Article 5NTV5 Silent Changes to Western Digital’s Budget SSD May Lower Speeds by Up to 50%

Silent Changes to Western Digital’s Budget SSD May Lower Speeds by Up to 50%

by
janrinok
from SoylentNews on (#5NTV5)

upstart writes:

Silent changes to Western Digital's budget SSD may lower speeds by up to 50%:

Western Digital's WD Blue SN550 budget SSD is a well-reviewed popular NVMe device that has regularly shown up on various sites' "best SSD" lists since it was released at the tail-end of 2019. The drive uses a four-lane PCI Express 3.0 interface and was novel for being able to perform better than SATA SSDs for about the same amount of money.

But that may be changing, thanks to quiet behind-the-scenes component changes: Chinese site Expreview (via Tom's Hardware and ExtremeTech) says that a newer version of the drive manufactured in July 2021 was writing data at speeds of about 390MB per second after the drive's cache had filled up.

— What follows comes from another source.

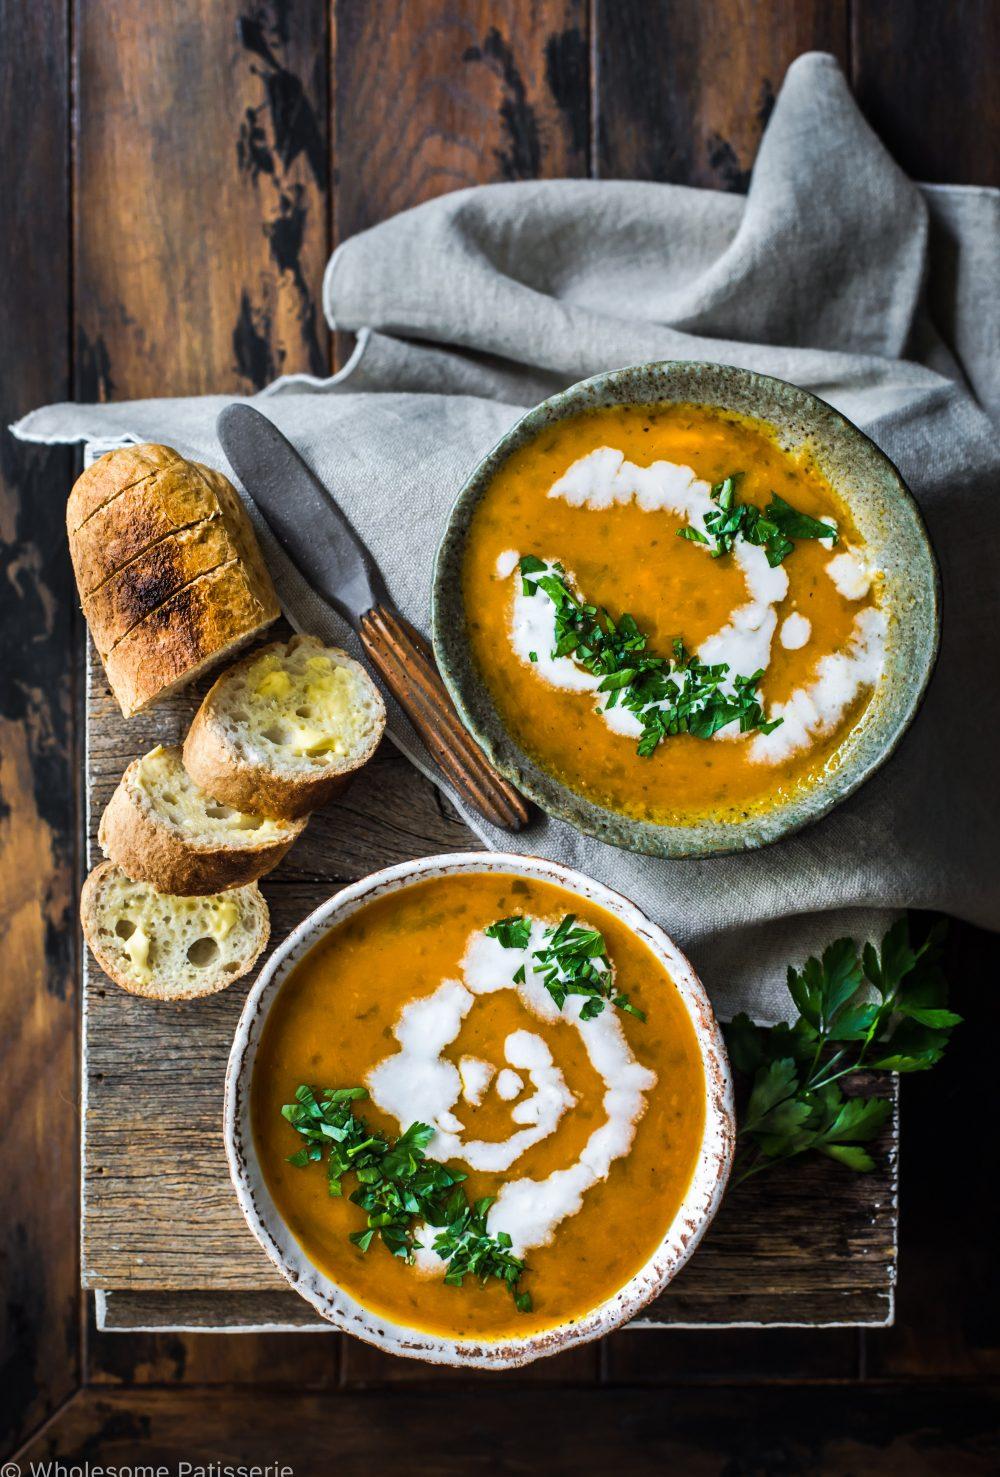 pumpkin-soup-vegan-vegetarian-gluten-free-dinner-entree-winter-easy-soup

According to Expreview, that's about half the speed of older versions of the SN550; Tom's Hardware measured speeds of about 610MB per second during a sustained write test on the original SN550, so the exact amount of performance degradation may vary. Because both the old and new versions of the SN550 use the same SSD controller, it seems likely that the slowdown is being caused by inferior NAND flash.

Modern SSDs typically pair a large amount of slower NAND flash (for capacity) and a smaller cache of faster flash memory (for the peak speeds advertised on the box). Depending on the SSD, this cache memory is designed to sustain anywhere between a few gigabytes' and a few dozen gigabytes' worth of writes before it has to fall back on the slower flash. Most of the time, you'll never notice the drive slowing down, because you're not going to fill the cache up all the way by using your computer for basic browsing, office work, or even photo editing.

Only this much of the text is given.